Адмиральша сразу догадалась, о ком идет речь, и, пробуя заступиться за своего любимца, робко и тихо промолвила:
- Я ничего не слыхала... Кажется, Леня...
- Не слыхала?! - перебил адмирал, передразнивая жену. - Не слыхала?! - повторил он, поднимая на адмиральшу злые глаза. - Ты ведь ничего не слышишь, а я не слыхал, а знаю?! Так скажи ему, когда он покажется, что на кутежи денег у меня нет... Слышишь?
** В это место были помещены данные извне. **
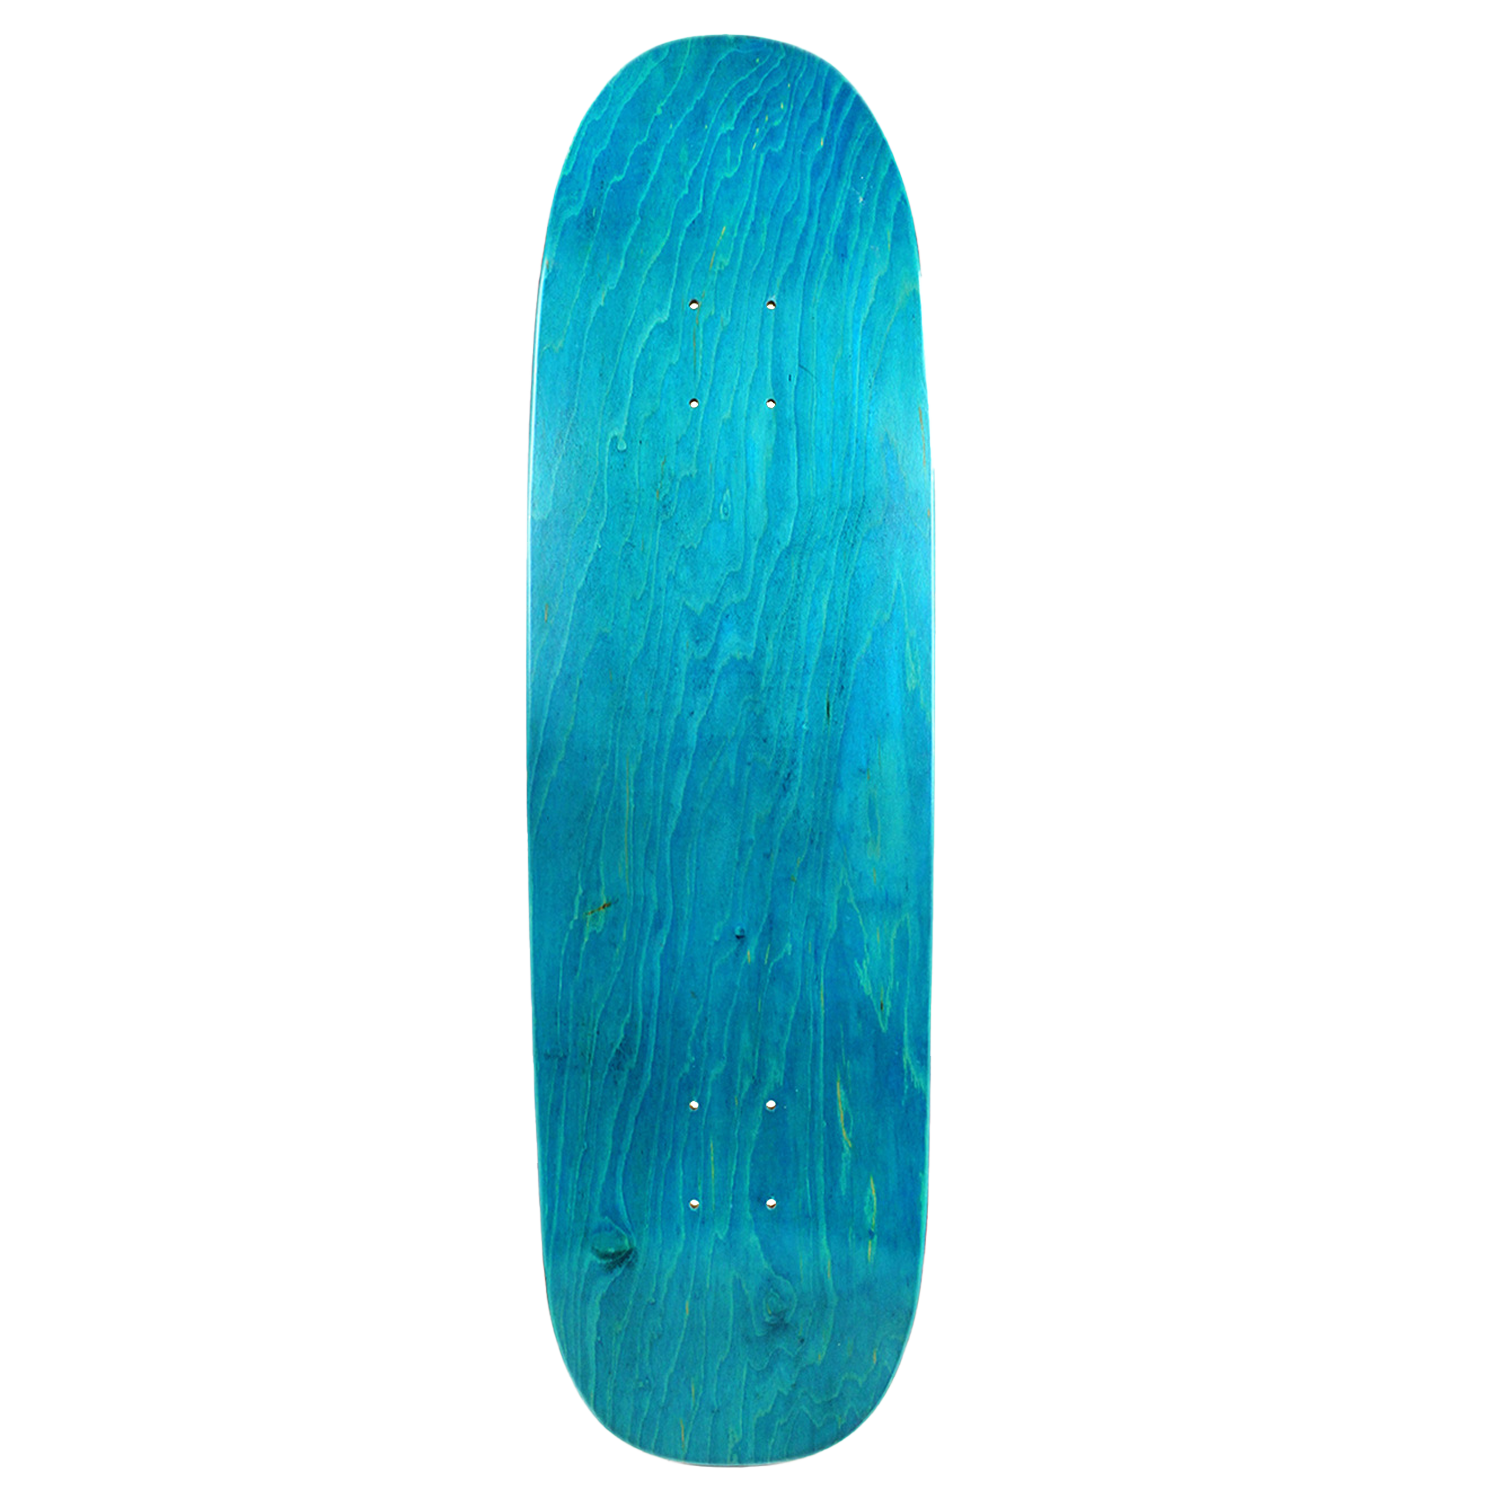 Moose Skateboard Old School Deck Popsicle Nose Stain Blue 8.75in x 32.1in

- Я скажу, - совсем тихо проронила адмиральша.
- Не то я с ним поговорю... Необходимо?! Кую я, что ли, деньги? Скотина! - вдруг крикнул адмирал и стукнул кулаком по столу так громко, что адмиральша вздрогнула. - Я ему покажу форсить! На Кавказ в армию упрячу подлеца. Так и скажи... Ступай! - резко оборвал адмирал, отворачиваясь.
Адмиральша вышла испуганная, с тревогой в сердце. Этот Леонид в самом деле безумный. Вздумал писать отцу! Не один уж раз давала она потихоньку своему любимцу свои брильянтовые вещи, умоляя его не кутить, а он...
"Надо серьезно с ним поговорить. Отец исполнит угрозу?" - подумала адмиральша, не подозревая, какой страшный сюрприз готовит всей семье беспутный красавец Леня и какую штуку удерет сегодня Сережа - этот "непокорный Адольф", как шутя звали младшего сына мать и сестры за его речи, совсем диковинные в ветлугинском доме.
V
Перед самым обедом семья адмирала должна была собираться в гостиной.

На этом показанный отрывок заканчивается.